*** Collected data Section Begins ***

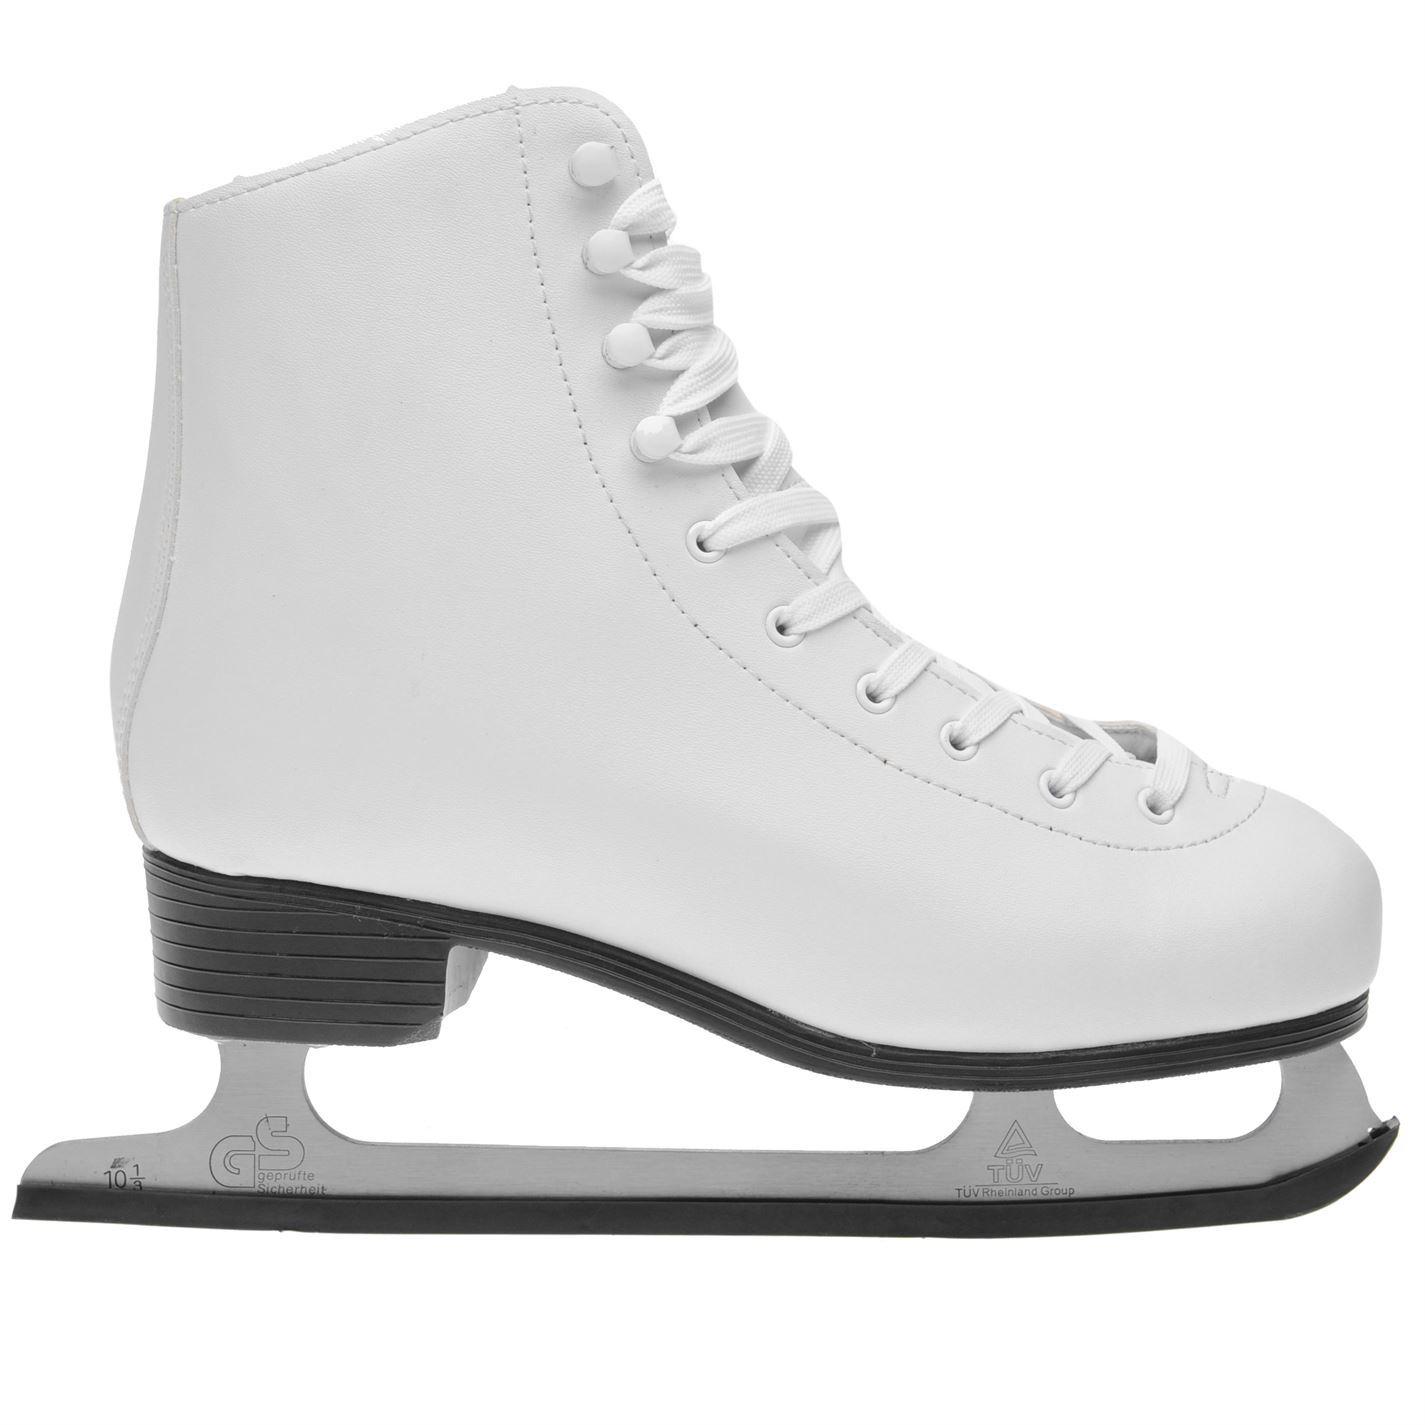 2efc8e8675f Nevica Womens Ladies Figure Skates Classic Ice Leather Upper
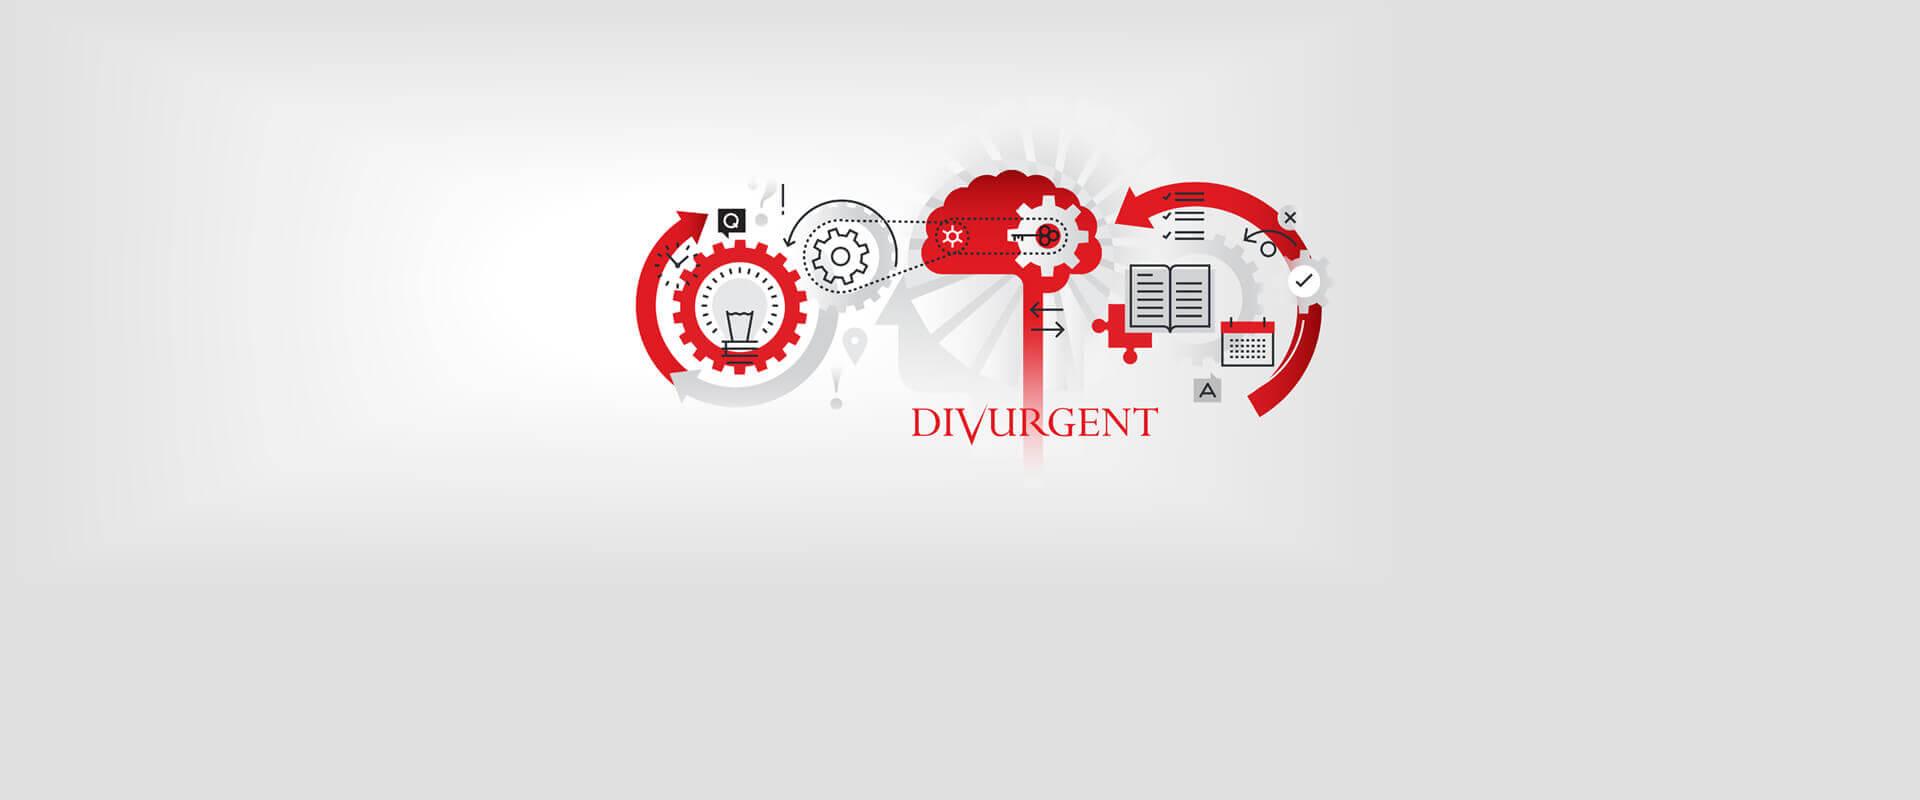 divurgent_services_banner_sm
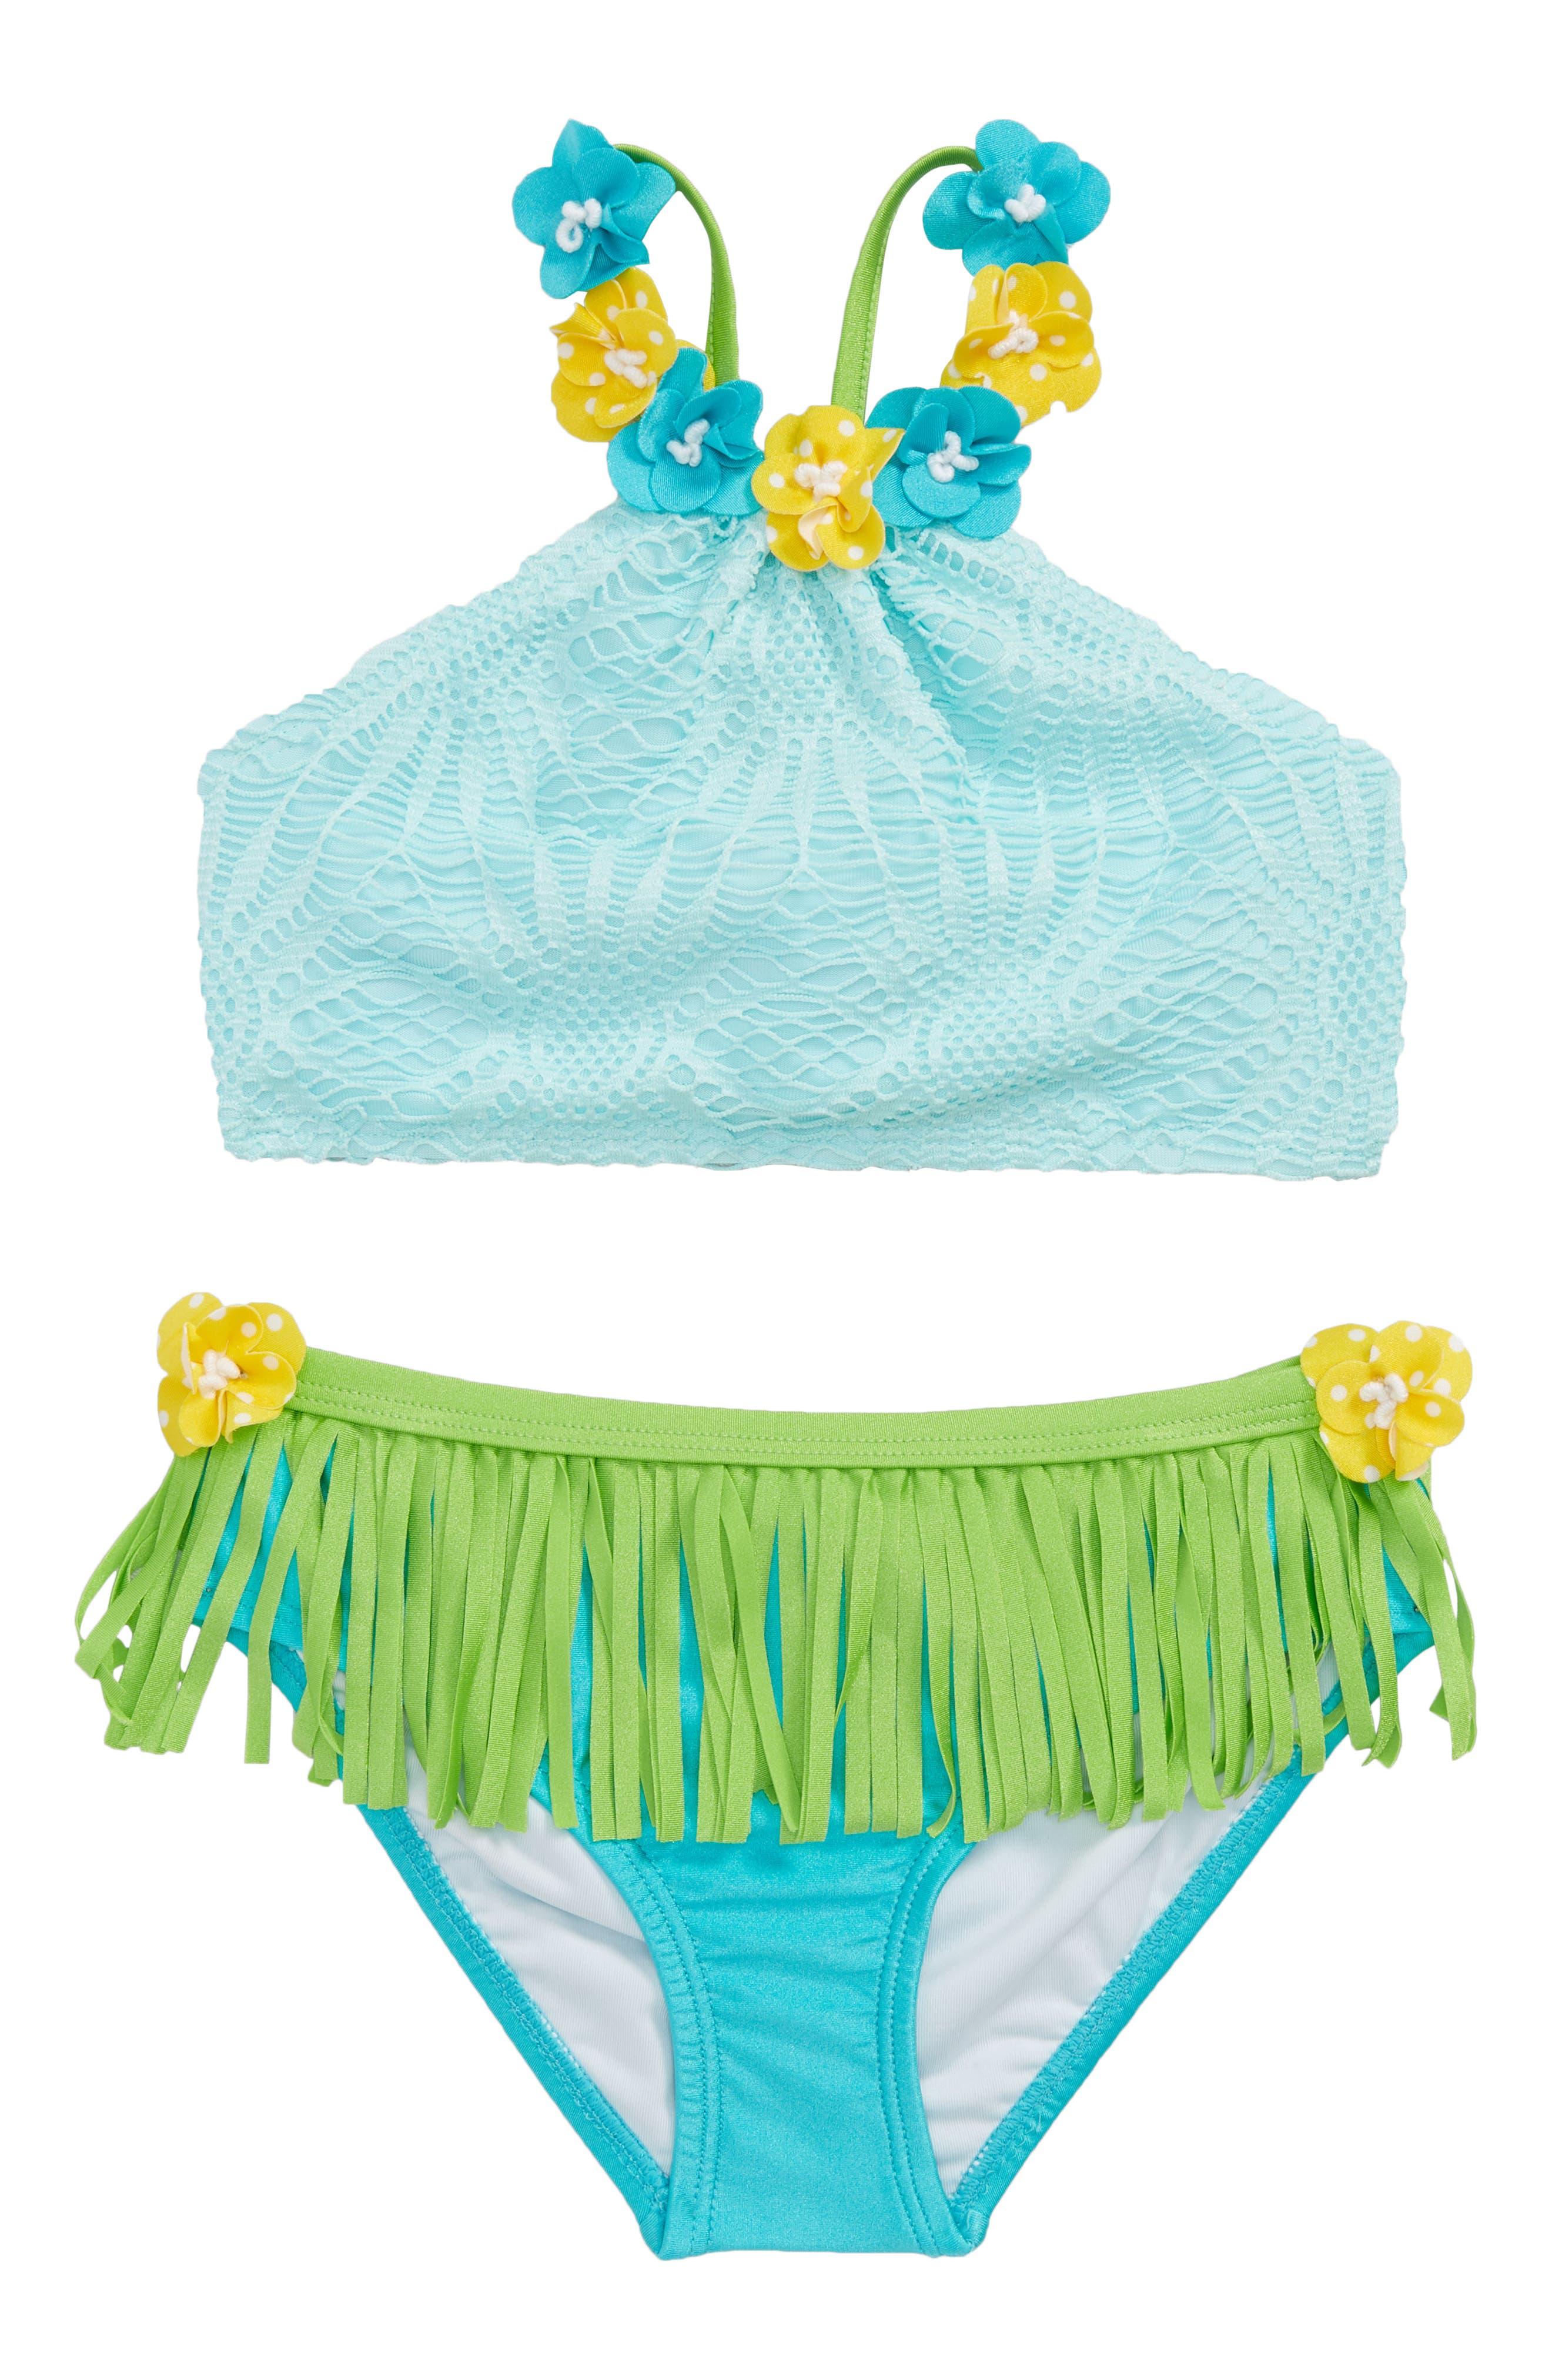 Hula Two-Piece Bikini Swimsuit,                         Main,                         color, Aqua

*** Collected data Section Ends ***

**Description of the task**
Produce an exact copy of the lines from the line containing "divurgent_services_banner_sm" to the end of the material, both ends included, and omit every picture.

**Result of this exercise**
 divurgent_services_banner_sm
 Hula Two-Piece Bikini Swimsuit,                         Main,                         color, Aqua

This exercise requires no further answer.